Les vrais instituteurs Freinet se réunissent chaque année. Ils ont des journées Freinet, dans une ville, chaque année ça change, je n’y assiste pas.
Freynet est accepté à l’École Normale. Enfant j’ai eu des camarades qui venaient des écoles Decroly ou des écoles Montessori, mais c’était à côté de l’École Normale; Freynet est accepté, ce qui a fait a modifié les programmes officiels. C’est un état d’esprit.
Par exemple, ne pas faire une leçon, faire chercher les enfants et après faire la leçon à partir de ce qu’ils ont trouvé. Ils ne peuvent pas tout trouver, mais Freynet prône les situations de recherche, où il faut trouver les solutions. Après l’enseignant donne la solution experte. Mais ça ne tombe pas directement, il n’y a pas tout de suite une solution toute faite à un problème.
Les enfants adorent chercher. Ils sont en groupes de 4. Je lance une situation de recherche en maths. Ils écrivent leur démarche et leur réponse sur de grandes feuilles qu’on affiche au tableau. Comme ce sont des groupes de 4, avec 25 élèves, ça fait 6 groupes. Ils cherchent ensemble. Après je mets les six affiches au tableau et on regarde si elles sont pareilles. J’accepte les solutions sophistiquées du moment qu’on arrive au résultat. On regarde comment ils ont cherché. Eux-mêmes critiquent ou admirent ce qu’ont trouvé les autres. Après, je fais la leçon.

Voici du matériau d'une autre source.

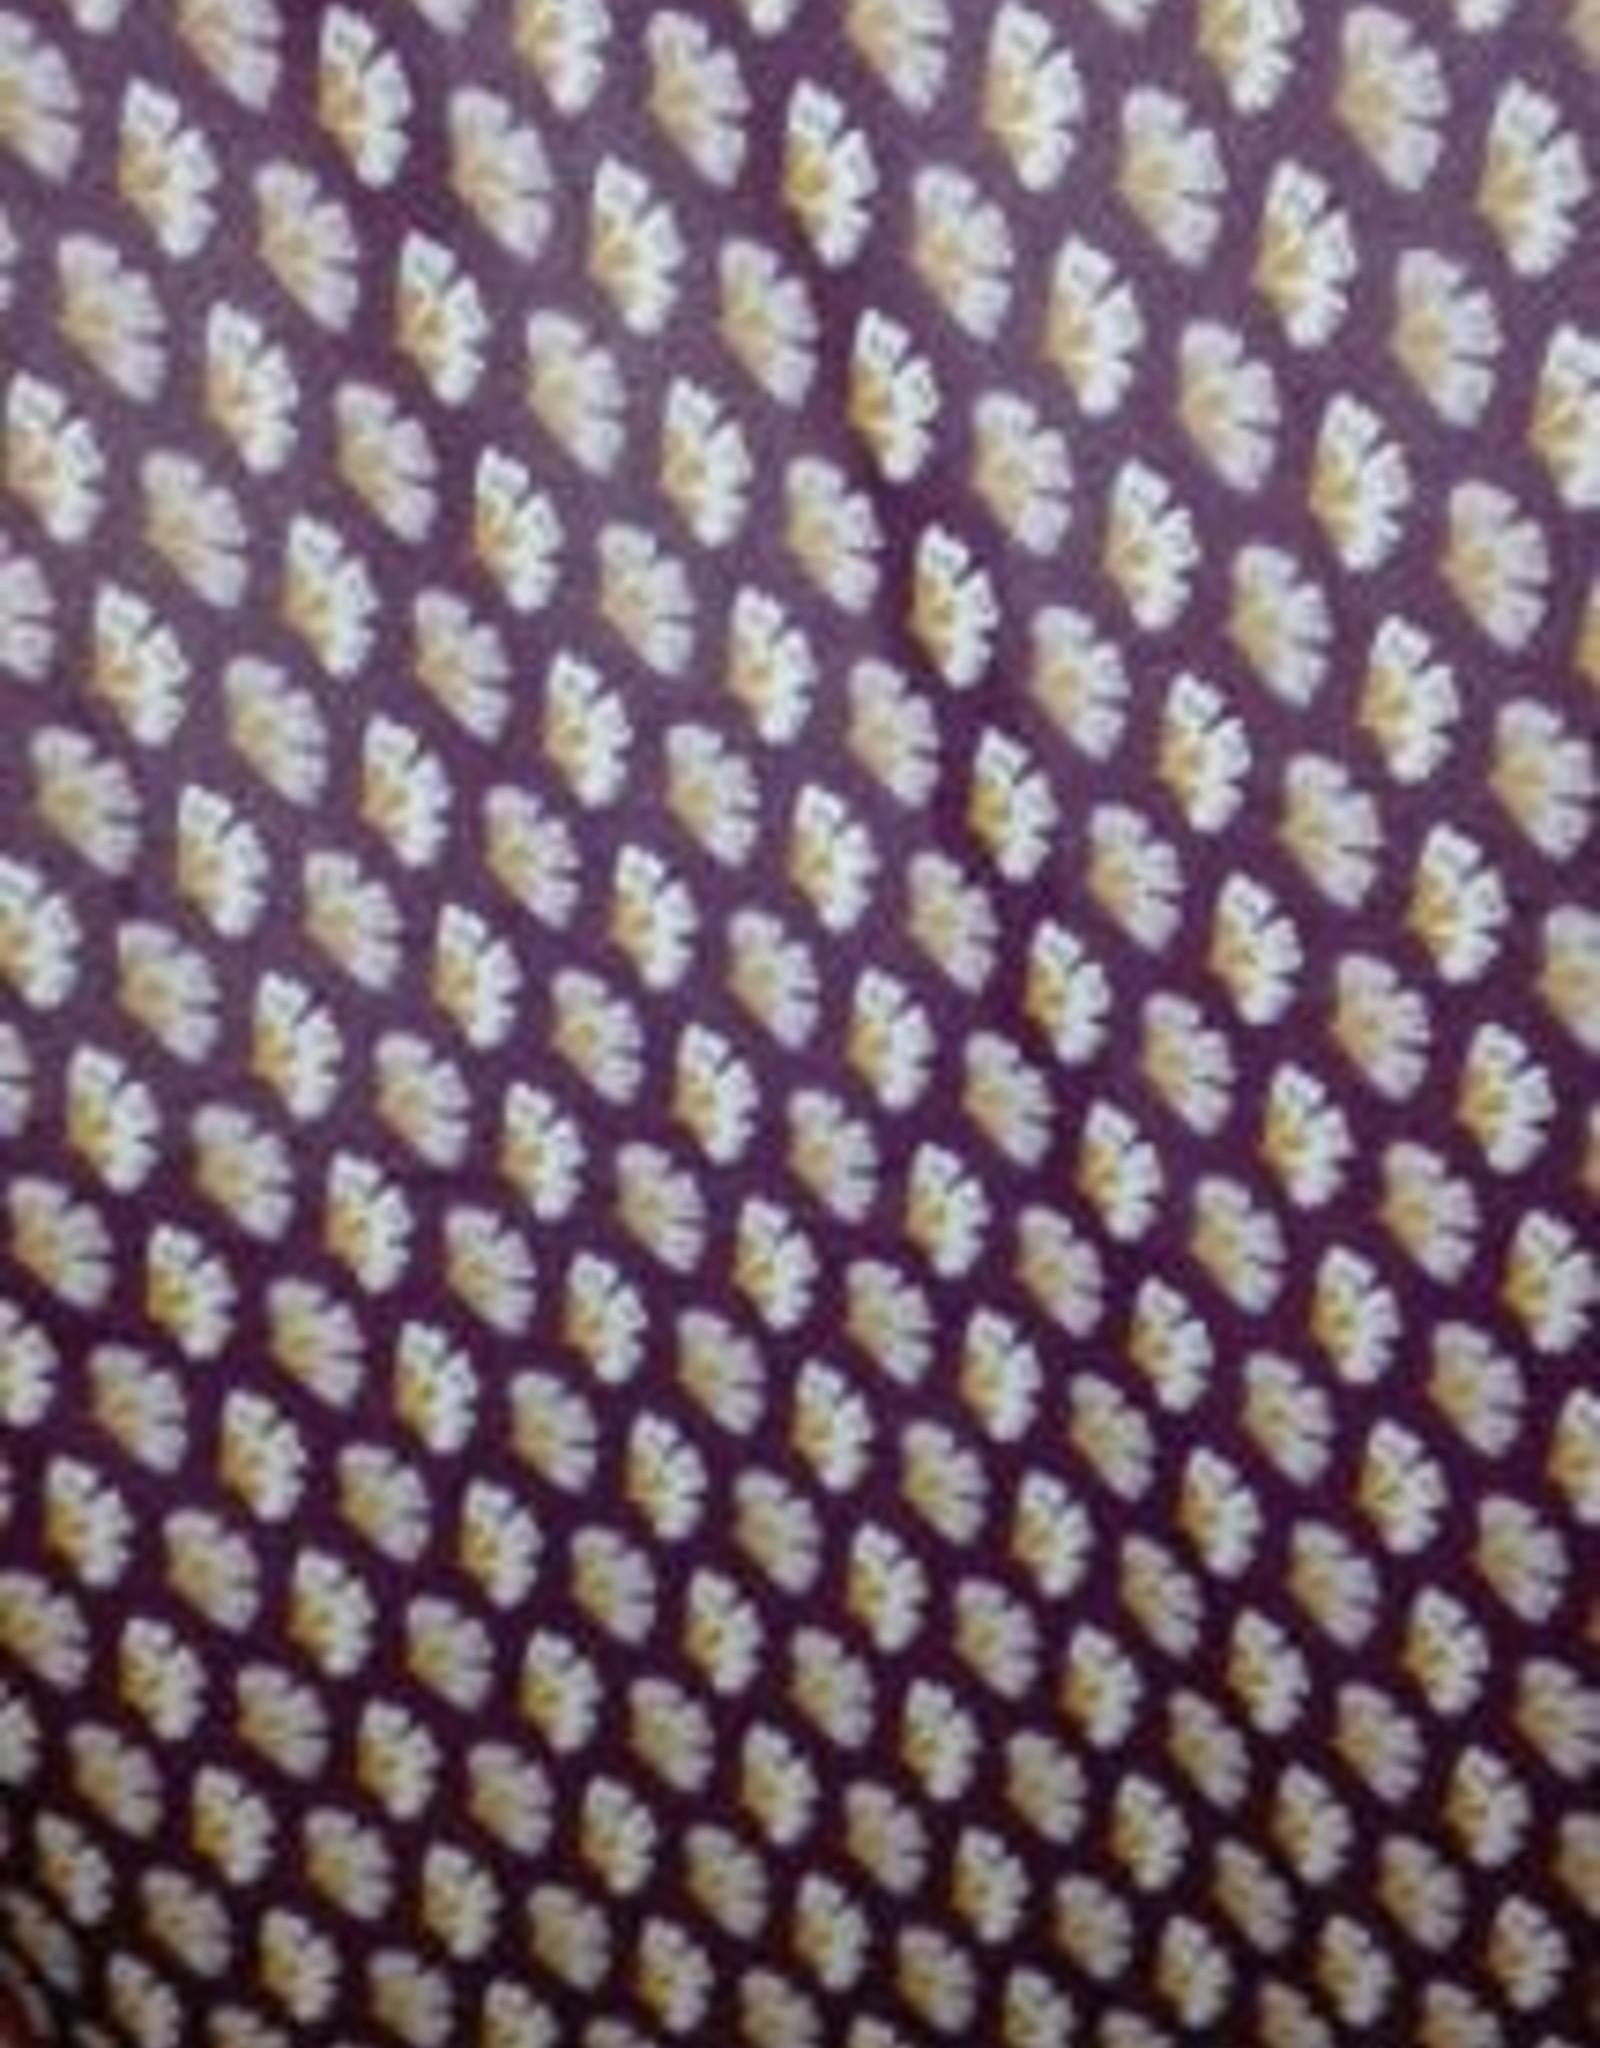 Gelamineerd katoen bruin//oker/ecru met bloempjes

Ils adorent les mathématiques dans le sens où c’est un jeu. Par exemple, on apprend les grands nombres – une des dernières choses que j’ai faite. Par hasard. Ce n’était pas du tout prévu. J’achète du café. Je me trompe. D’habitude j’achète du café en poudre – et là j’ai pris du café en grains. Je me dis, qu’est-ce que je vais faire de ce café? J’étais prête à le jeter ou à le donner. Puis je me dis, au fait, au fait: les grands nombres. Alors combien y a-t-il de grains de café dans un paquet? On a divisé le paquet en six puisqu’il y a six groupes. Chacun a compté. Ils ne savent pas compter plus loin que cent. Ils faisaient des tas de 10. 10 tas de 10. Des boîtes à œufs: 10 dans chaque alvéole. Il y en avait 10. 10 fois 10 ça faisait 100. 100: on venait les verser dans un seau et on continuait à compter. On est arrivé à savoir finalement combien il y avait de grains. C’était une vraie recherche dans la mesure où je n’avais pas la réponse. Il devait y en avoir 2670 ou quelque chose comme ça! On est vraiment arrivés au grand nombre, on a vu ce que c’est qu’un grand nombre. Ça a duré peut-être une heure. Ils ne se sont pas du tout ennuyés. Ils étaient passionnés. C’est pour ça que je dis que les petits s’intéressent à tout. Parce que ça, effectivement, ça ne sert à rien – c’est le plaisir de chercher pour chercher. Les petits sont très accessibles à ce genre de chose. Des recherches comme un jeu.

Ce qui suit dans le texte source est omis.